**What you should do**: Copy each line of the records that includes "Halskette".

▼

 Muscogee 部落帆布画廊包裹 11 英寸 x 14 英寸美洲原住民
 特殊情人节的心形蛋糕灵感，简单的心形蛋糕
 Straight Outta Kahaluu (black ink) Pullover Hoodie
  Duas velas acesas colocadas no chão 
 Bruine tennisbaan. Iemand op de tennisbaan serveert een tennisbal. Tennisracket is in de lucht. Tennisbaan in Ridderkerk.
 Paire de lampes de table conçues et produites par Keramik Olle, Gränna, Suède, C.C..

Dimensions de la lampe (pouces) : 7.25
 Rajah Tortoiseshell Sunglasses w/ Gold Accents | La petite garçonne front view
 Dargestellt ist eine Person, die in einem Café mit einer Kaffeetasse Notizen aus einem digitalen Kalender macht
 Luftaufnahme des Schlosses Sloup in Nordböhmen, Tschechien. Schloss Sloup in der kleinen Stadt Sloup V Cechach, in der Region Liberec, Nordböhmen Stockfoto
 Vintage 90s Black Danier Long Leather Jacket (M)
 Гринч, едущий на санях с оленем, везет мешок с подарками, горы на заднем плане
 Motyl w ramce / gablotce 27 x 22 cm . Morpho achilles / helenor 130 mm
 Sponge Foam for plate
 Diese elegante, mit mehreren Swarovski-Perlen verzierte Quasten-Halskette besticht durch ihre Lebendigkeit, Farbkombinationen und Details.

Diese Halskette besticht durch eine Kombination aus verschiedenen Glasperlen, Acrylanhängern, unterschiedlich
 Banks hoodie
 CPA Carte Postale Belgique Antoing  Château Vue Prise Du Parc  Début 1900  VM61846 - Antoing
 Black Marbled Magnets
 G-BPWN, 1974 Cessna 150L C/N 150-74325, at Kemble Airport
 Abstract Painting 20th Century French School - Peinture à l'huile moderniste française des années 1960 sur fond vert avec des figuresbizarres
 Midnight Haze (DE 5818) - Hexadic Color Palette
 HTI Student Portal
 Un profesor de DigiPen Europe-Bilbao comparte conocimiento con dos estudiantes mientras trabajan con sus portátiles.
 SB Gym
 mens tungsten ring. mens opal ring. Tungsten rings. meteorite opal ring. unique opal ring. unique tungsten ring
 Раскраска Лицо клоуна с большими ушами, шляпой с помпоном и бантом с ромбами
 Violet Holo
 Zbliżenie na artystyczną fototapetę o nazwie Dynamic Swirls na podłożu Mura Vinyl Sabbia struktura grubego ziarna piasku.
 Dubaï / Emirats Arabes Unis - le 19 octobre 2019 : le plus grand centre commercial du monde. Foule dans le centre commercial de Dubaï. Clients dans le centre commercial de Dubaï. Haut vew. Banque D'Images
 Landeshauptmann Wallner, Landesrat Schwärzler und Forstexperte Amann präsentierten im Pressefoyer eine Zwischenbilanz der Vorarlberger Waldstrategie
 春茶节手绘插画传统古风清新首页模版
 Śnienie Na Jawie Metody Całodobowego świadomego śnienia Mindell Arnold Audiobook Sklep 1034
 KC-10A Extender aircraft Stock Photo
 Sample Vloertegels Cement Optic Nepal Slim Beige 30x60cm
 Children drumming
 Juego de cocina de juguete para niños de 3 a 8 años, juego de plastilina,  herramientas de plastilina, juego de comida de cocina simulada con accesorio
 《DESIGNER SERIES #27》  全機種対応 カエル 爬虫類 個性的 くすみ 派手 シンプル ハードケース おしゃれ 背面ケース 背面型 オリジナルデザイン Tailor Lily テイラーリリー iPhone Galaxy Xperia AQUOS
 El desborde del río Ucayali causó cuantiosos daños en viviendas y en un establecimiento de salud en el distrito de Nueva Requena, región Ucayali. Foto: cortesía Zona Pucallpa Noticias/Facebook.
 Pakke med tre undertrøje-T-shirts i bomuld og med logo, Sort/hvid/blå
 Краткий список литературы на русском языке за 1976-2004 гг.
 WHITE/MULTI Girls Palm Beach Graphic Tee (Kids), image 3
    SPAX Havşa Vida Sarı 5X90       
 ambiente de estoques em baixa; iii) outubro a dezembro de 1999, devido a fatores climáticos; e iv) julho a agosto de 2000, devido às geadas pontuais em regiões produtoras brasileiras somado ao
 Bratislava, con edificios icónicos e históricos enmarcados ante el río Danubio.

▲

**Exercise answer**:
 Diese elegante, mit mehreren Swarovski-Perlen verzierte Quasten-Halskette besticht durch ihre Lebendigkeit, Farbkombinationen und Details.
Diese Halskette besticht durch eine Kombination aus verschiedenen Glasperlen, Acrylanhängern, unterschiedlich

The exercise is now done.